- **Data below**
|---|

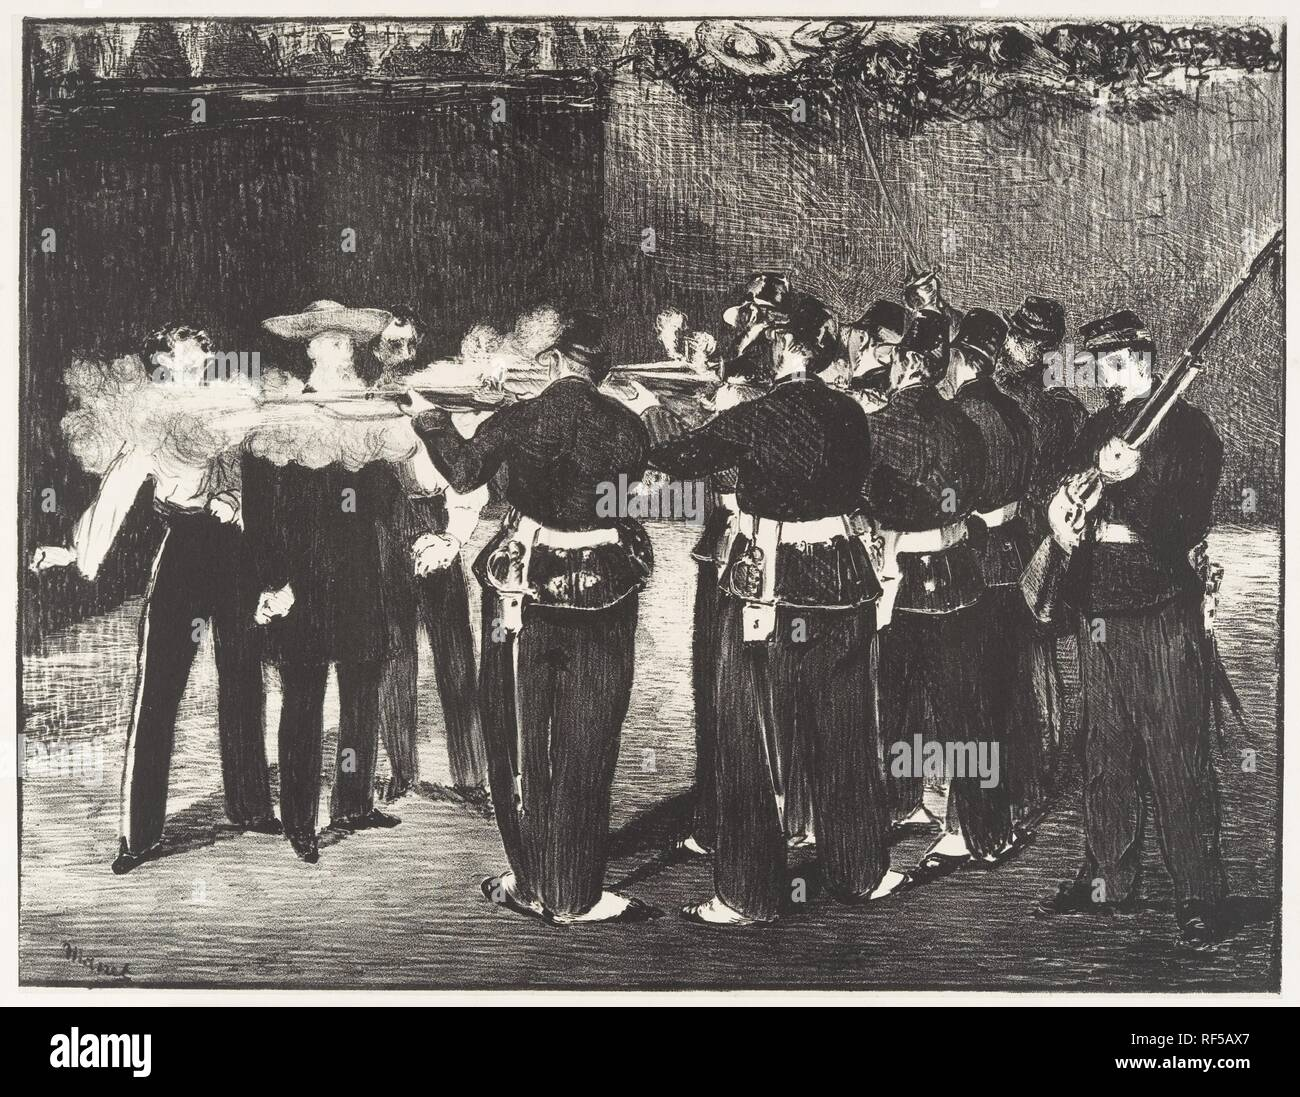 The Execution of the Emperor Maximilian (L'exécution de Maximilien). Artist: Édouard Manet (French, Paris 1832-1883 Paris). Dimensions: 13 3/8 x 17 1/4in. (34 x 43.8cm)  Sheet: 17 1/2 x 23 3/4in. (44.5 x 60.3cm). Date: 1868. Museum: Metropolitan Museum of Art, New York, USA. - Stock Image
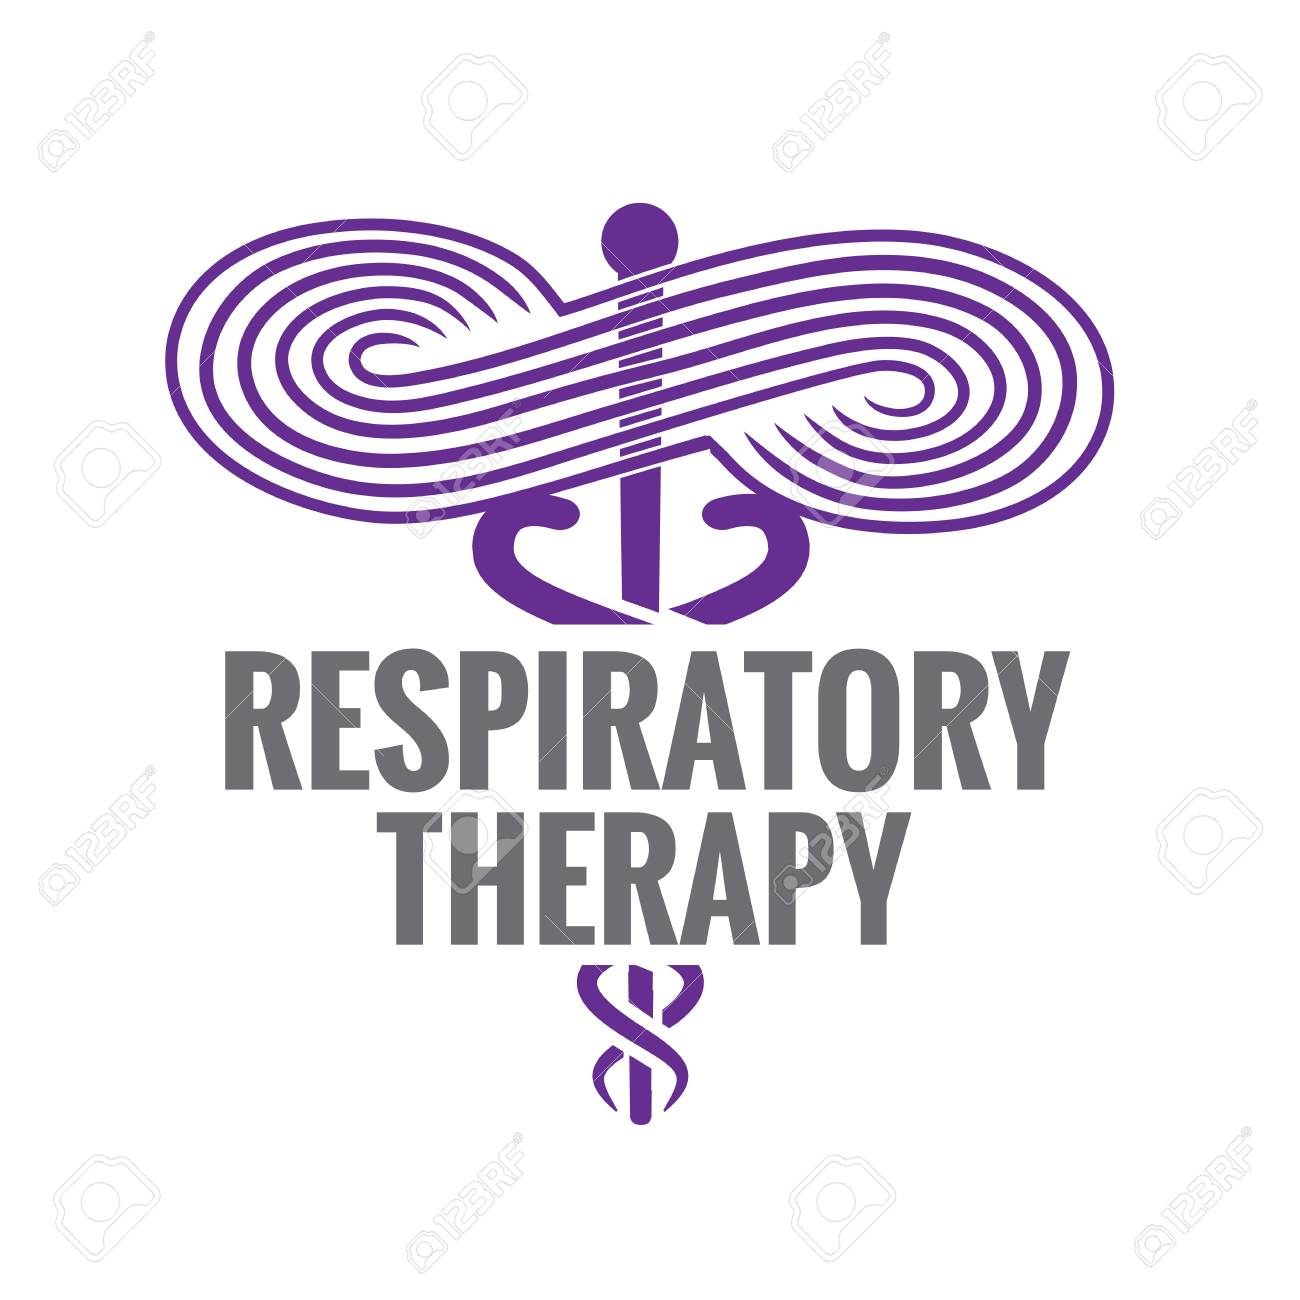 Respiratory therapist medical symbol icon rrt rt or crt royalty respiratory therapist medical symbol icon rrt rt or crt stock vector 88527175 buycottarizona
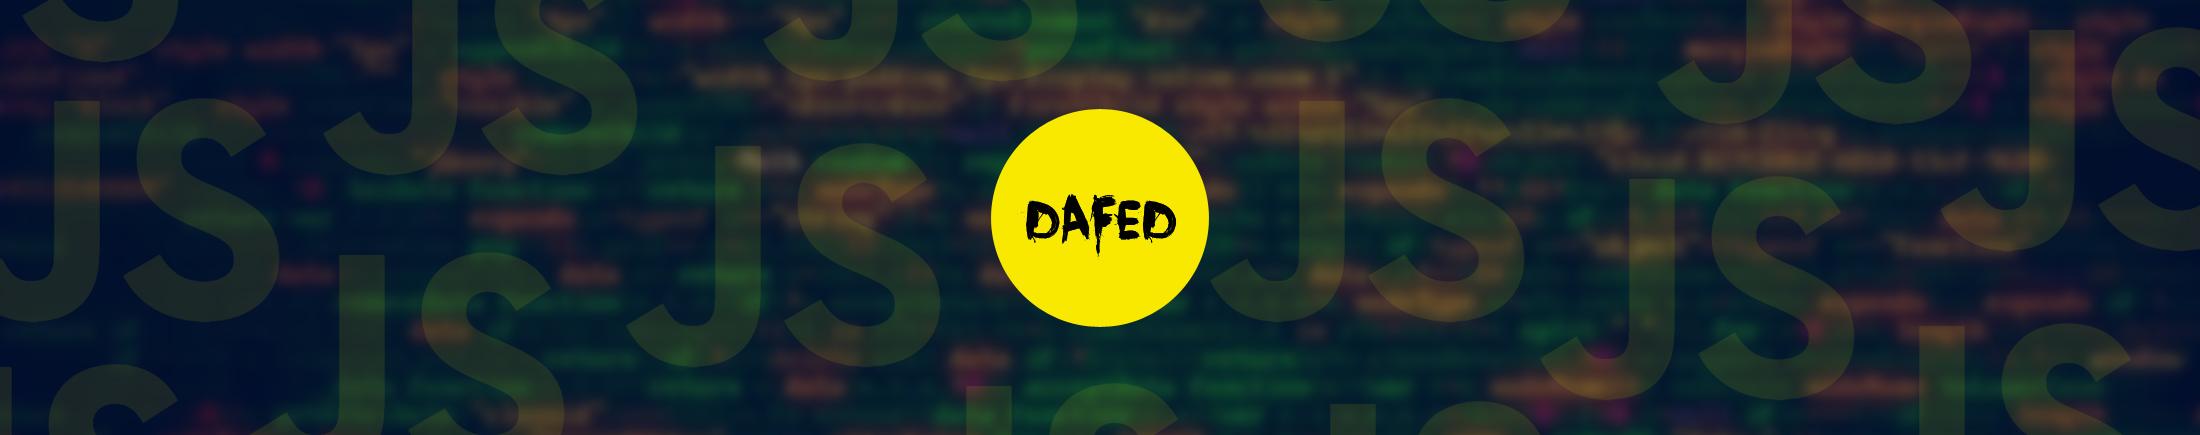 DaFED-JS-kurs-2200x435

|---|

- **How to complete this task**
All of the material should be written out again exactly, apart from the pictures.

- **Solution to this exercise**
 The Execution of the Emperor Maximilian (L'exécution de Maximilien). Artist: Édouard Manet (French, Paris 1832-1883 Paris). Dimensions: 13 3/8 x 17 1/4in. (34 x 43.8cm)  Sheet: 17 1/2 x 23 3/4in. (44.5 x 60.3cm). Date: 1868. Museum: Metropolitan Museum of Art, New York, USA. - Stock Image
 Respiratory therapist medical symbol icon rrt rt or crt royalty respiratory therapist medical symbol icon rrt rt or crt stock vector 88527175 buycottarizona
 DaFED-JS-kurs-2200x435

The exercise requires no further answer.